IW: A few days we actually spoke about 9/11 and what it meant. For someone like you, from Afghanistan which was basically first in the firing line after the events of 9/11, what did it actually mean to you? 

Noor: For me, I’m just trying to understand what 9/11 has to do with my people. Say there is a bad guy in Afghanistan, that’s not a way to conduct an investigation. I’m not going to bombard South Africa because I’m looking for someone. I’m going to conduct a professional, respectful, and orderly approach. Why am I going to start killing your villagers and destroy what you worked so hard for? How is that okay? Now 21 years later everyone has left. What about the widows, the orphans? What are you going to do for them? You destroyed my roads and yes there was progress but the amount of death that has taken place, who is going to answer for that … I want those answers, I want to know. I also want to move forward. We forgive, we forget, we love forward but now how are we moving forward? How can you come to my country, kill all these people, and then decide to not only leave but then also block what belongs to the people? The whole world is watching this and then my people are considered the bad people. There’s a game that’s being played and it needs to stop. There are lives that are at stake and there are innocent children that are dying. 

SMread: Afghanistan assets must be returned to help them recover


IW: There are many questions that are yet to be answered about 9/11. What dominated the headlines after was the treatment of women in Afghanistan. If we look at the invasion of Iraq, the same can be seen. Women are used as a means to justify their actions.

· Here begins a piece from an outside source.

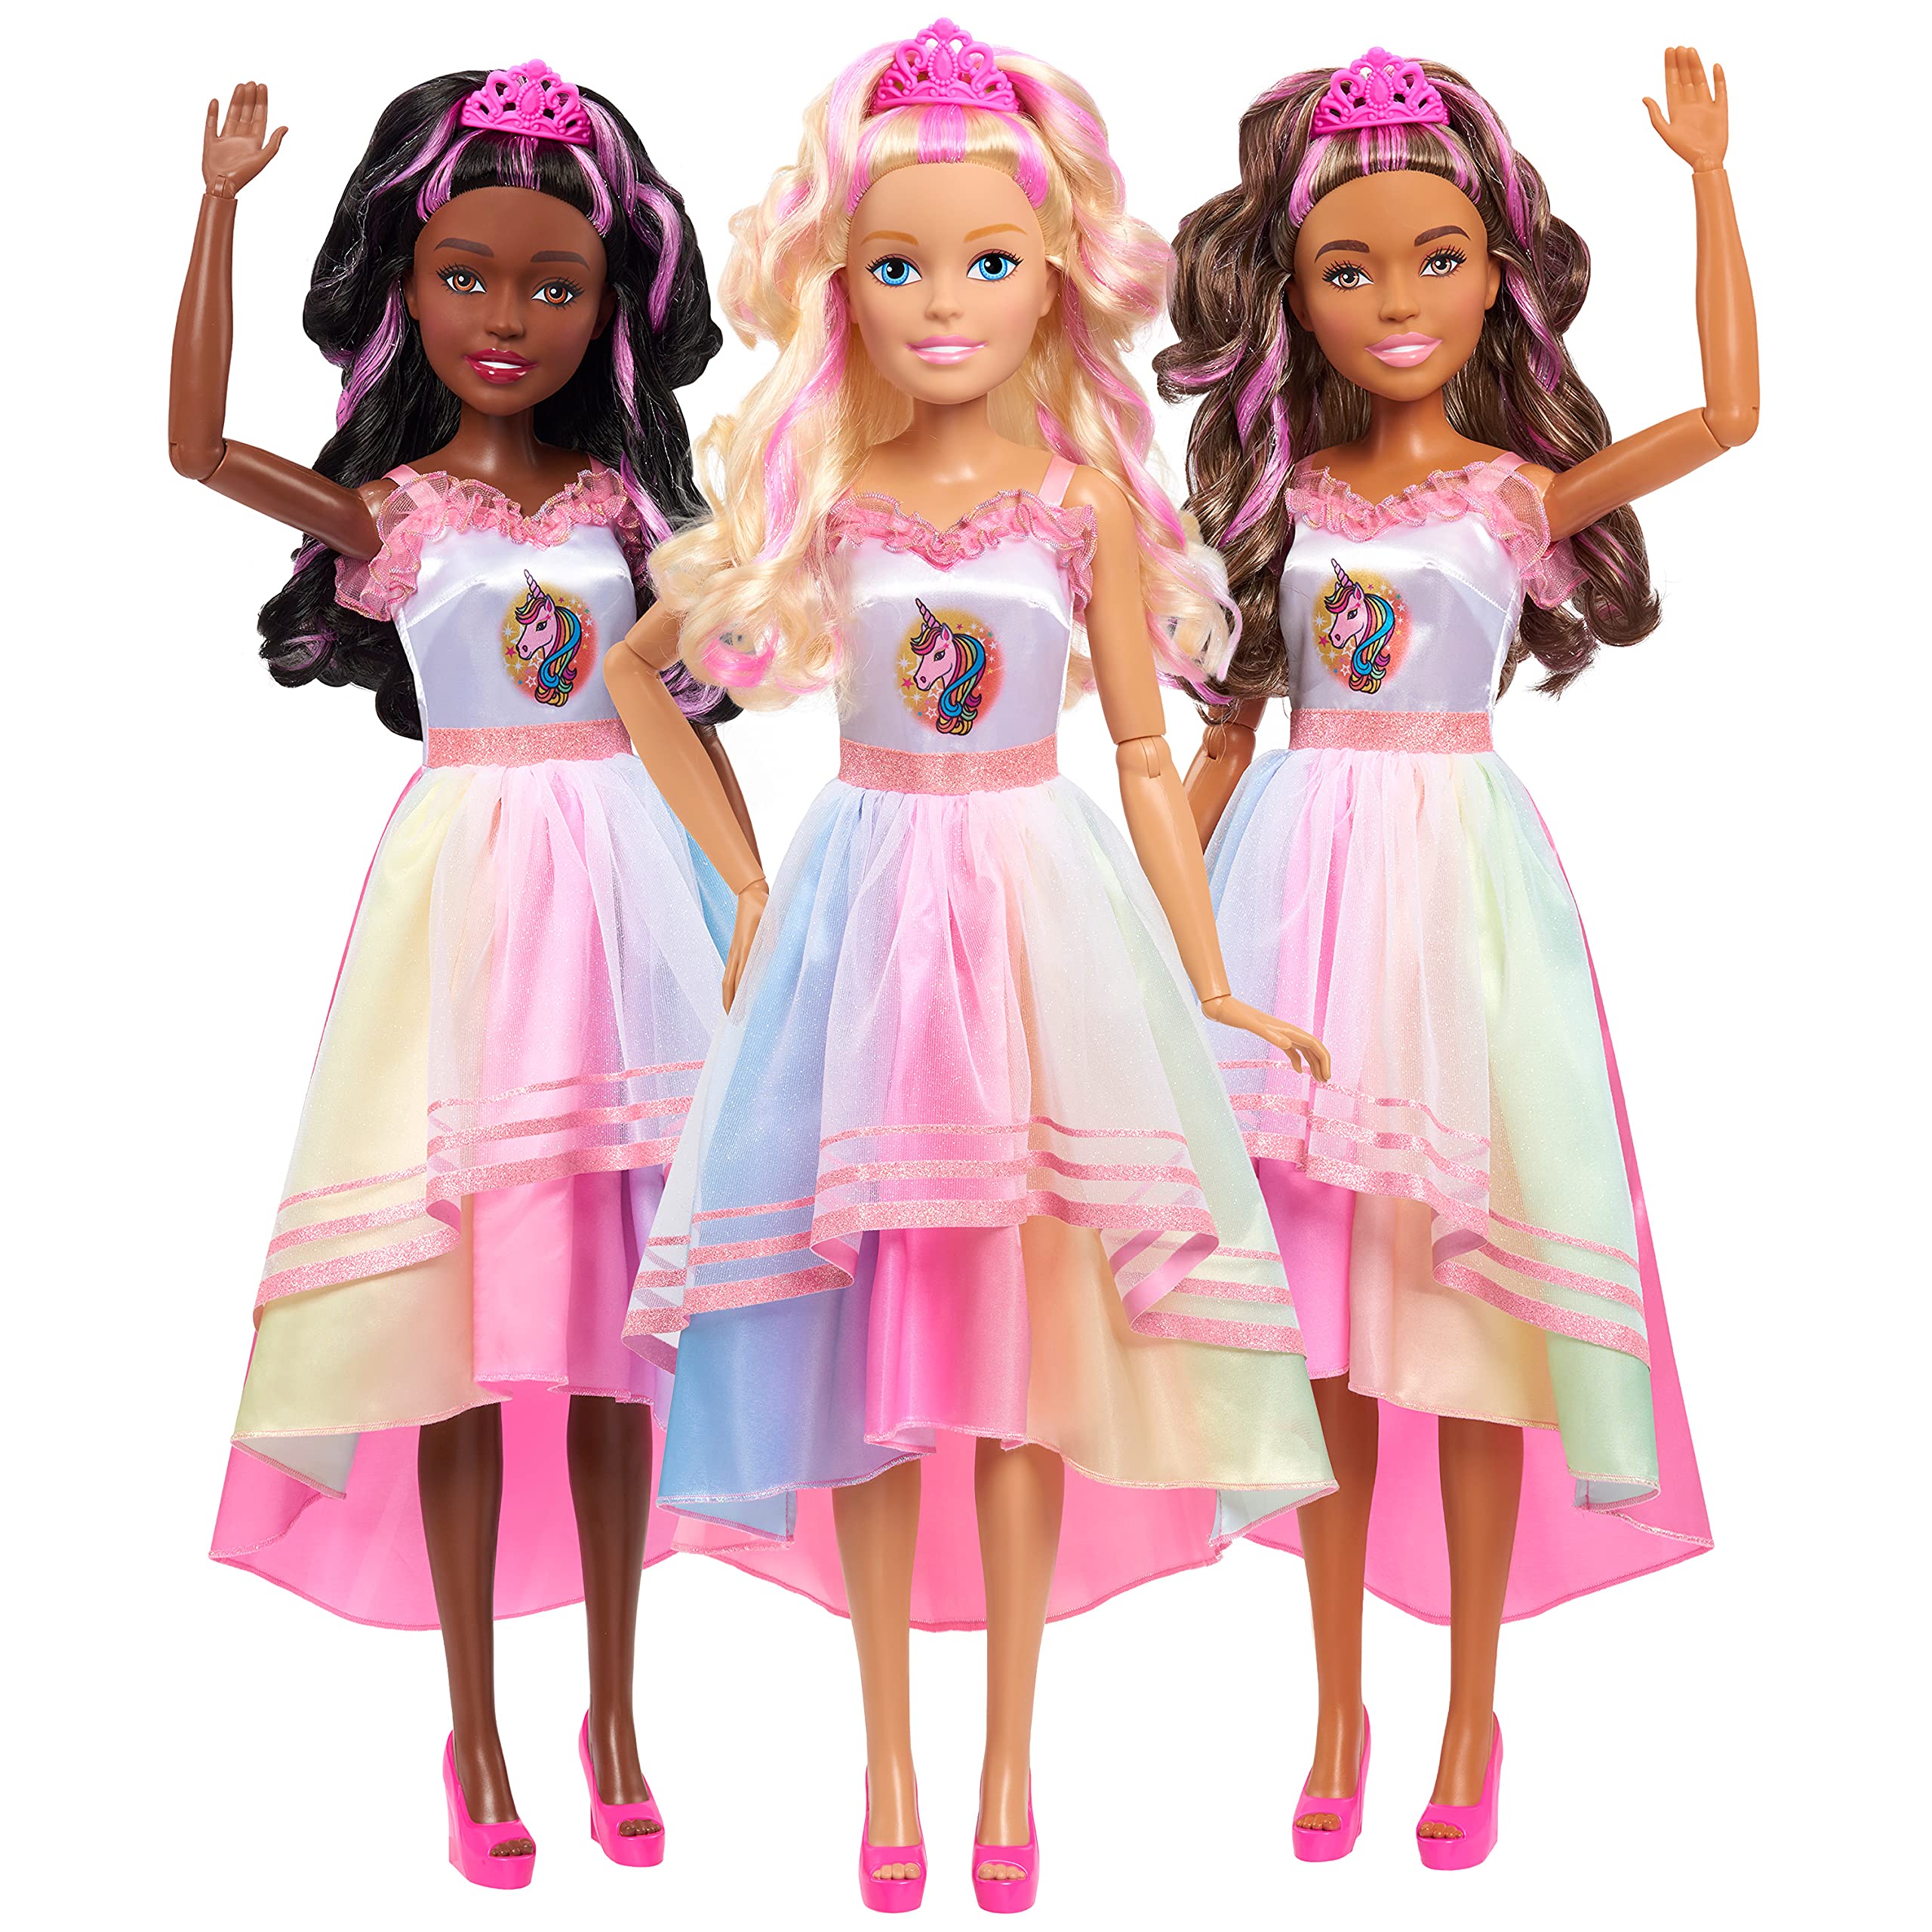 Just Play Barbie 28-inch Best Fashion Friend Unicorn Party Doll, Blonde Hair, Kids Toys for Ages 3 Up, Amazon Exclusive

Noor: Well, they’re still being used and all these women around, I just listen to their speeches from their warm homes and the comfort of their nice spaces and I’m thinking there’s women like myself that I have organisations that are in Afghanistan. Why are you not directly engaging with me to get these women involved in trade. Their businesses have been put on hold. I have over 100 women that do crafts, the clothes I’m wearing, why are you not supporting them? Us using their product and us supporting them has nothing to do with the sanctions. Why are you not taking an individual stance? If we women in 2022 claim that we are our own voices and we’re strong, then come unite with me for the women. Let men do their own thing, let the politicians do their own thing but let us take the responsibility for helping … I feel the Afghanistan women are being used to justify what they want to do.


IW: What we are seeing after 9/11 is how Afghan society was actually broken down. It is not that they lack care for women or the community, but the society was broken down. What can be done to get this broken society back to itself?

Noor: We need healing, we need nurturing, we need unconditional care, we need to be told we’re going to be okay. We suddenly have a new government and even if this new government tries, it will always be blacklisted to the world. Afghanistan is the safest in the world right now. They went to every home and checked every home and took illegal weapons. They found girls that were kidnapped, they found doctors that were taken for ransom and there was no mention of it in the news. It has never been done in 45 years in Afghanistan. I can go anywhere in the middle of the night to anyone’s home and be relaxed … If we truly want Afghanistan to prosper, if we truly want to take accountability for the damage we’ve done, if we want to correct it, we have to look at things from a place of effort and I know there’s effort taking place.


Noor will be having her programmes in Tzaneen, Polokwane, Benoni, Middleburg, Nelspruit, Roshnee, Pretoria and Johannesburg. A virtual meeting will be held for those who are unable to attend these programmes.